The world’s most advanced open translation site, Google Translate, just expanded its lead on its competitors.
Amharic, Kurmanji Kurdish, Luxembourgish, Samoan, Scottish Gaelic, Shona, Sindhi, Pashto, Corsican, Frisian, Kyrgyz (4.3 million speakers), Hawaiian and Xhosa (8.2 million speakers) will all be available for two-way translation in English, adding 120 million more people to the global population who can utilize the service.
Google Translate relies on a combination of curated digital content and a community of volunteers to lay the foundation for translations. The languages will reportedly be added over the next few days.
“As we scan the Web for billions of already translated texts, we use machine learning to identify statistical patterns at enormous scale, so our machines can ‘learn’ the language,” said Sveta Kelman, Senior Program Manager at Google Translate.
The additions of Sindhi (70 million speakers) and Pashto (40 million speakers) brings Google Translate to the attention of tens of millions of Pakistanis and Afghans. Amharic (22 million speakers) is the leading Semitic language after Standard Arabic and widely spoken in Ethiopia. Kurmanji Kurdish is the primary dialect of Kurds in Northern Iraq, Syria and Turkey, while Shona is spoken by maybe as many as 15 million people in and around Zimbabwe.

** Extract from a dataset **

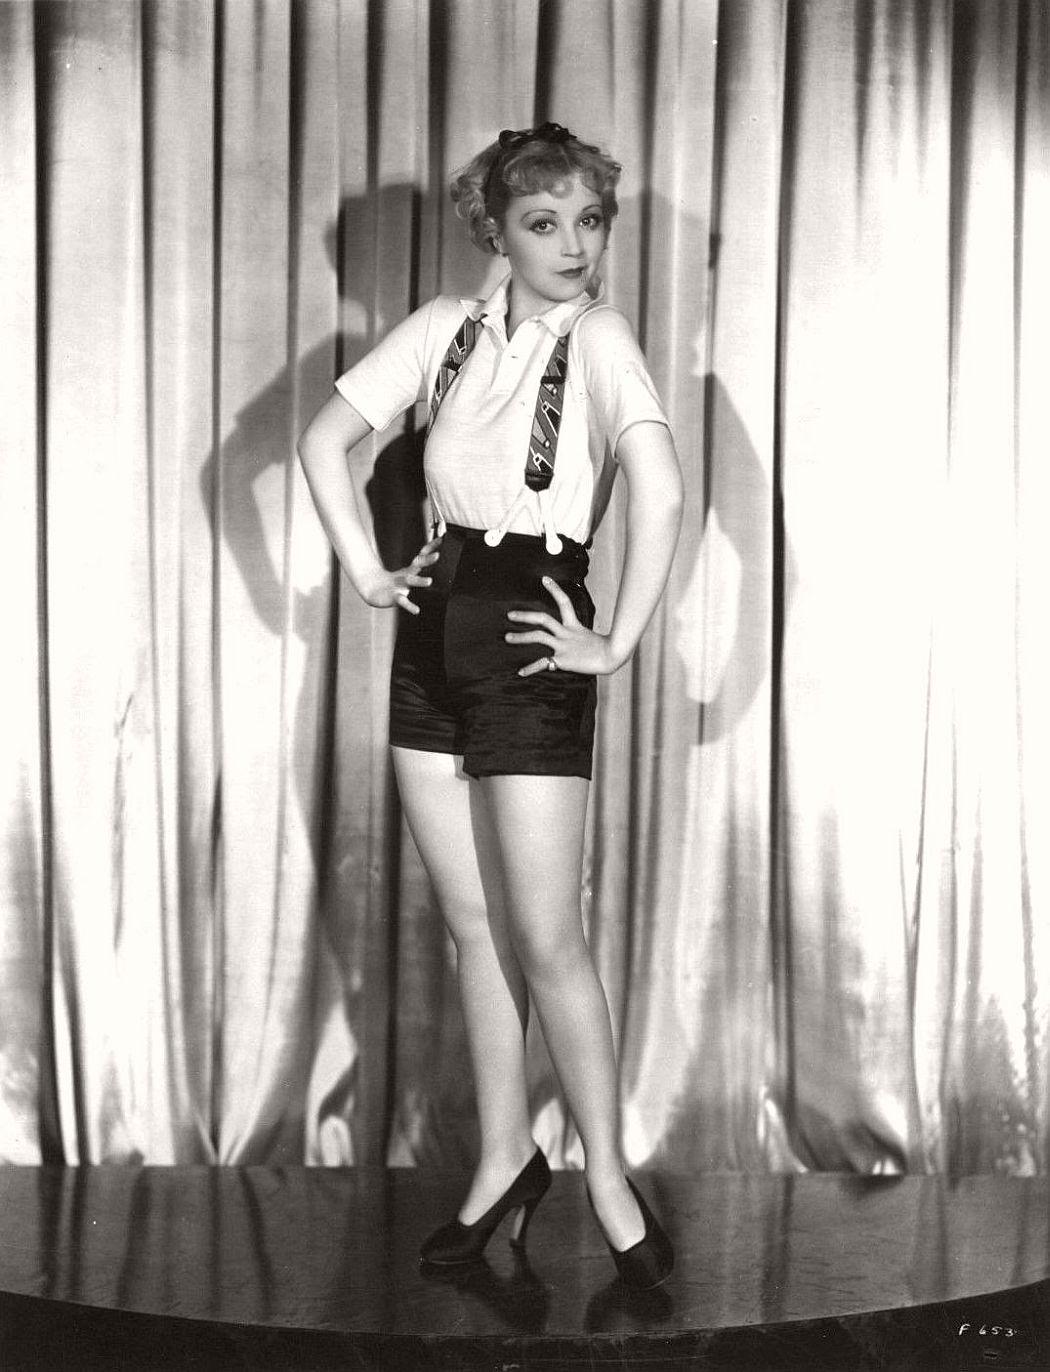 vintage-black-white-portrait-hollywood-movie-actress-1930s-Alice-White

There are still several major languages the service does not yet offer, such as Ethiopian languages Tigrinya and Tigre, the Kurdish dialect of Sorani, the Indian language Odia, and several Chinese languages including Hong Kong’s primary tongue Cantonese.
Scottish Gaelic joins Irish Gaelic in that family of infrequently spoken yet national languages, while Luxembourgish, Corsican and Frisian add three minor but niche Western European languages to Google Translate’s repertoire. Google is playing catch-up on Kyrgyz, which is offered by Russian search engine service Yandex Translate. Xhosa is widely spoken in South Africa while Samoan and Hawaiian are major minority languages in the United States’ Pacific islands (guess which ones).

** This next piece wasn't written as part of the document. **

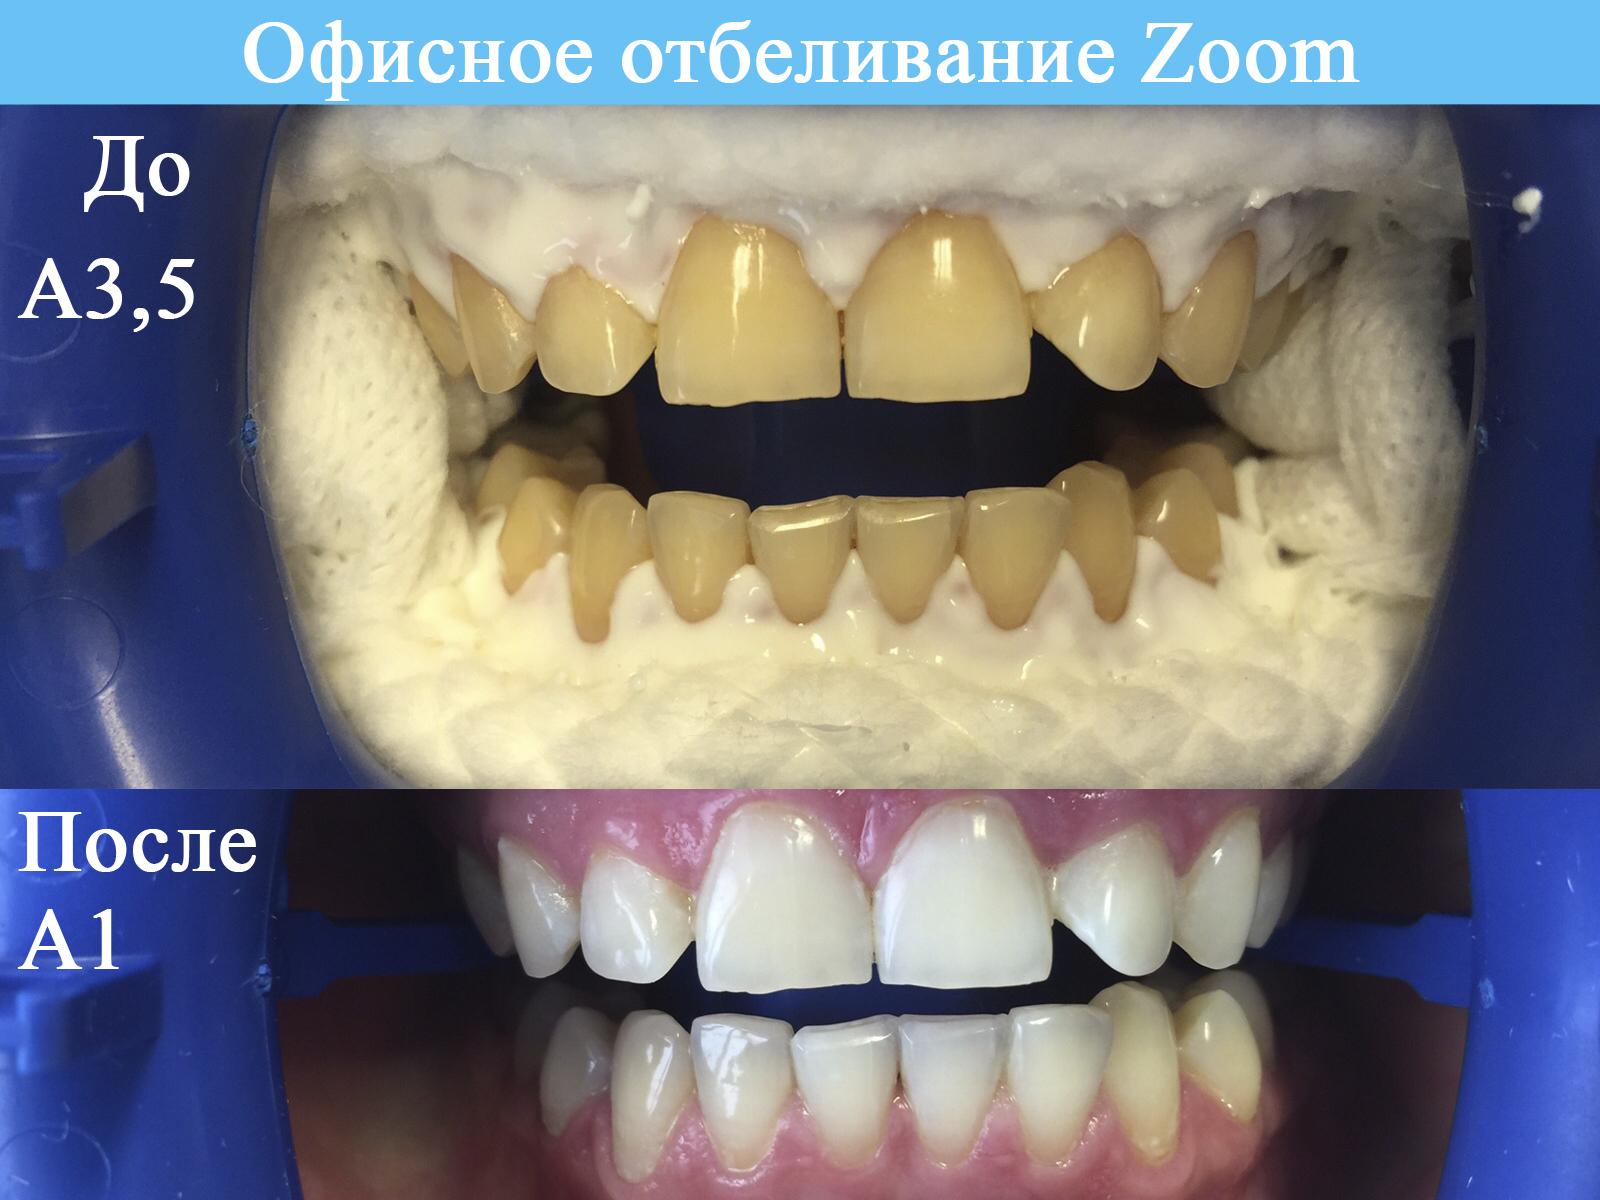 Отбеливание Zoom до и после

The pace at which Google adds more languages will depend on how quickly they can digitize physical sources, get access to already digital texts and collect volunteers to join different communities among their volunteers.
As Kelman said in Google Translate’s official announcement earlier today, “As already existing documents can’t cover the breadth of a language, we also rely on people like you in Translate Community to help improve current Google Translate languages and add new ones.”